[Task instructions]
Please repeat the records below exactly, from the first line through the line containing "Space Guns EP", and nothing more.

[Source data]
++++++++++++++++++++

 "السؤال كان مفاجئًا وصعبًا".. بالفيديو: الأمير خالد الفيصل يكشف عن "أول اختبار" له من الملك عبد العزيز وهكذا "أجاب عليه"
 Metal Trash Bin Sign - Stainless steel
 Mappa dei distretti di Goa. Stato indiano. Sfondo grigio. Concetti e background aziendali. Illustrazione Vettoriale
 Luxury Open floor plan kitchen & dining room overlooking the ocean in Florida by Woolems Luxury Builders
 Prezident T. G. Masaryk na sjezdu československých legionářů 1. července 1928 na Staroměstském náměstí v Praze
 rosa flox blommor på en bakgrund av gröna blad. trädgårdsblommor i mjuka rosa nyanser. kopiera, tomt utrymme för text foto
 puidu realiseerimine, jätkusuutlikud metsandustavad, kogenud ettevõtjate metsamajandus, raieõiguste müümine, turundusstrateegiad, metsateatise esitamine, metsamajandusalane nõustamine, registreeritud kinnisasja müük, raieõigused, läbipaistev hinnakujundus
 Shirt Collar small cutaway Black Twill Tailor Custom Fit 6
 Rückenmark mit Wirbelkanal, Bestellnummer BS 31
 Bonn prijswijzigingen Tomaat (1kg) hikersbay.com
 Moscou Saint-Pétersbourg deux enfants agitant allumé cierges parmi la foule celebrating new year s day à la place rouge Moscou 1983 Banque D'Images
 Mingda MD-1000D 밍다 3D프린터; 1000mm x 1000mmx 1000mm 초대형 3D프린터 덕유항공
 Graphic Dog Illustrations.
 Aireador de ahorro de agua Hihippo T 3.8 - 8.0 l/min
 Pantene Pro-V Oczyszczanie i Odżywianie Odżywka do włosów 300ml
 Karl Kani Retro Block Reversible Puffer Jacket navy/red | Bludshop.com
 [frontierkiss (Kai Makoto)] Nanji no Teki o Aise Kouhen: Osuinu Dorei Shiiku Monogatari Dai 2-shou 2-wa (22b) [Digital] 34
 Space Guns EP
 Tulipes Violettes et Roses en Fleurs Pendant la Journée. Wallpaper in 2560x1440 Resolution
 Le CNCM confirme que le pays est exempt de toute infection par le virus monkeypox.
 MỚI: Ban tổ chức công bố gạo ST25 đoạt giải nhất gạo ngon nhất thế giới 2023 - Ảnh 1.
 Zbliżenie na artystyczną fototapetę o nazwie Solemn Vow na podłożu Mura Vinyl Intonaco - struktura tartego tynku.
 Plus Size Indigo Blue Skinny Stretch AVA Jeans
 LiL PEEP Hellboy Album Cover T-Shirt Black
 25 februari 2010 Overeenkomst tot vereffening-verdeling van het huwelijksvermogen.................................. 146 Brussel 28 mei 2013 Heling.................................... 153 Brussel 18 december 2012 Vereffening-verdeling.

++++++++++++++++++++

[Your response]
 "السؤال كان مفاجئًا وصعبًا".. بالفيديو: الأمير خالد الفيصل يكشف عن "أول اختبار" له من الملك عبد العزيز وهكذا "أجاب عليه"
 Metal Trash Bin Sign - Stainless steel
 Mappa dei distretti di Goa. Stato indiano. Sfondo grigio. Concetti e background aziendali. Illustrazione Vettoriale
 Luxury Open floor plan kitchen & dining room overlooking the ocean in Florida by Woolems Luxury Builders
 Prezident T. G. Masaryk na sjezdu československých legionářů 1. července 1928 na Staroměstském náměstí v Praze
 rosa flox blommor på en bakgrund av gröna blad. trädgårdsblommor i mjuka rosa nyanser. kopiera, tomt utrymme för text foto
 puidu realiseerimine, jätkusuutlikud metsandustavad, kogenud ettevõtjate metsamajandus, raieõiguste müümine, turundusstrateegiad, metsateatise esitamine, metsamajandusalane nõustamine, registreeritud kinnisasja müük, raieõigused, läbipaistev hinnakujundus
 Shirt Collar small cutaway Black Twill Tailor Custom Fit 6
 Rückenmark mit Wirbelkanal, Bestellnummer BS 31
 Bonn prijswijzigingen Tomaat (1kg) hikersbay.com
 Moscou Saint-Pétersbourg deux enfants agitant allumé cierges parmi la foule celebrating new year s day à la place rouge Moscou 1983 Banque D'Images
 Mingda MD-1000D 밍다 3D프린터; 1000mm x 1000mmx 1000mm 초대형 3D프린터 덕유항공
 Graphic Dog Illustrations.
 Aireador de ahorro de agua Hihippo T 3.8 - 8.0 l/min
 Pantene Pro-V Oczyszczanie i Odżywianie Odżywka do włosów 300ml
 Karl Kani Retro Block Reversible Puffer Jacket navy/red | Bludshop.com
 [frontierkiss (Kai Makoto)] Nanji no Teki o Aise Kouhen: Osuinu Dorei Shiiku Monogatari Dai 2-shou 2-wa (22b) [Digital] 34
 Space Guns EP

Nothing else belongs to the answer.